Mardin 1. Ağır Ceza Mahkemesi'nde görülen davanın ilk duruşması 25 Şubat'ta yapıldı. Gizli celse kararı alındı. Duruşmaya müdahil olarak N.Ç. tarafından katılan ve çoğu kadın olan avukatlara saldırılar olunca, İHD'li ve Diyarbakır Barosu Kadın Komisyonu'ndan olan avukatların sayısı 25'e çıktı.
Sanıkların tümü suçlamaları reddetti. N.Ç., Selman Aydın ile Şeyhdavut Anuk hariç tümümü teşhis ederek kendisiyle olduklarını söyledi. 19.5 saat süren duruşmanın ardından N.Ç. salonda bitkin düştü. Recep Sakız, Yüzbaşı Ersun Erdemir, Ümit Ergin, Cuma Uras, Hamit Aydın, Mehmet Seyitoğlu tahliye edildi.
24 Mart’taki 2. duruşma 20 saat sürdü. Sanıkların tümü komplo kurulduğunu ileri sürdü. Biri iktidarsız olduğuna dair raporlar verdi. N.Ç., Malatya Kız Yetiştirme Yurdu'na gönderildi.

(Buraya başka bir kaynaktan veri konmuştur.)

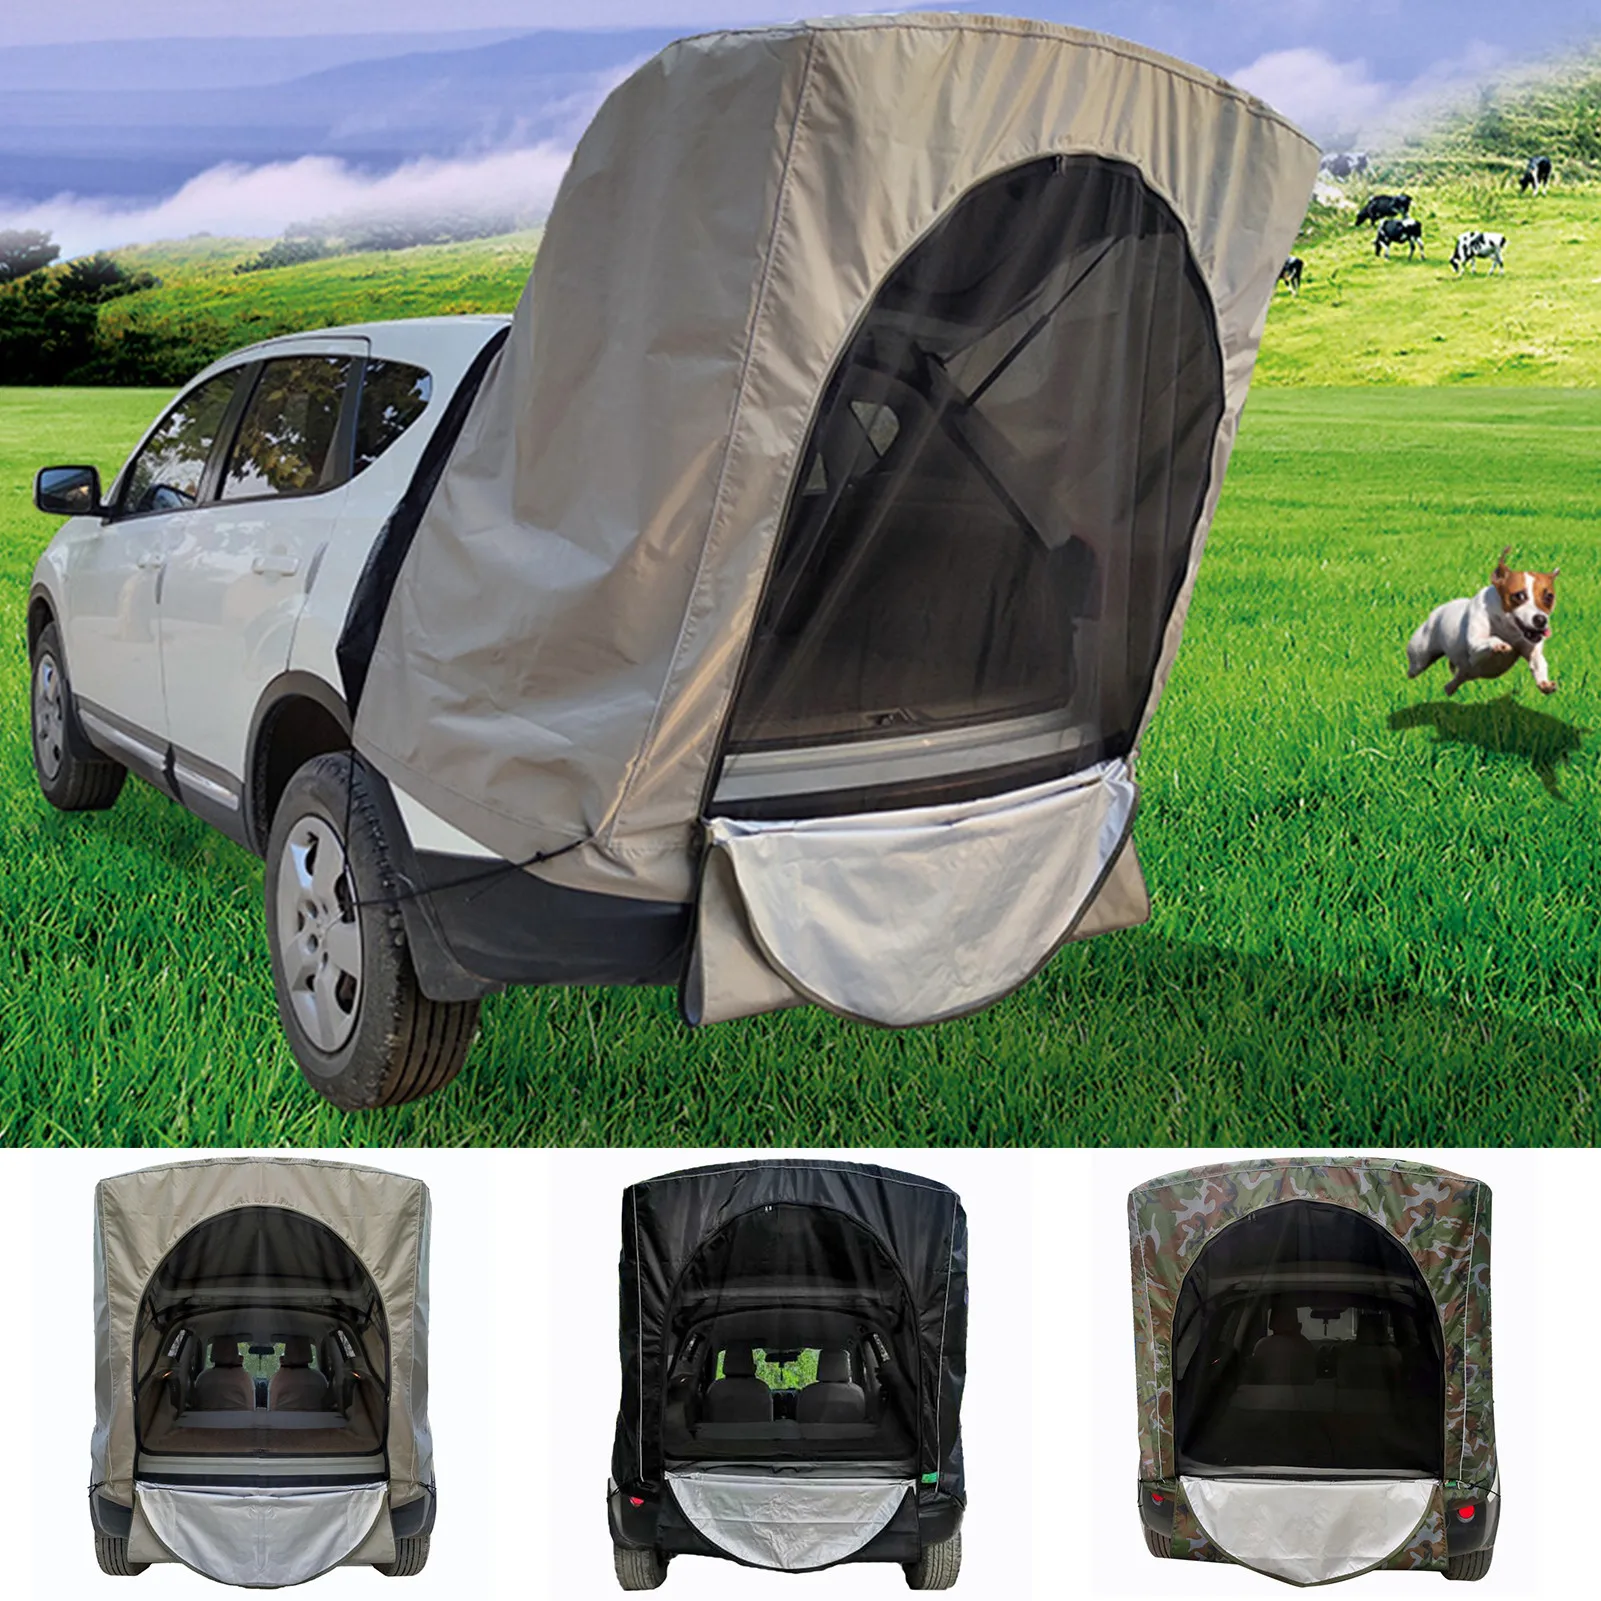 Car Roof Tent Car Awning Outdoor Equipment Camping Tent Canopy Tail Ledger Picnic Awning For Honda

21 Nisan'daki 3. duruşmada, çeşitli çevrelerin baskısı altında bulunduğu belli olan baba Süleyman Ç. ‘‘Siz mahkemesiniz. Kimin suçlu olduğunu tespit edin ’’ dedi.
14 Mayıs'taki 4. duruşmada tüm sanıklar tahliye edildi.
Tahliye olan sanıklar kamudaki görevlerine iade edildi. Bir sonraki duruşma 2 Ekim'de.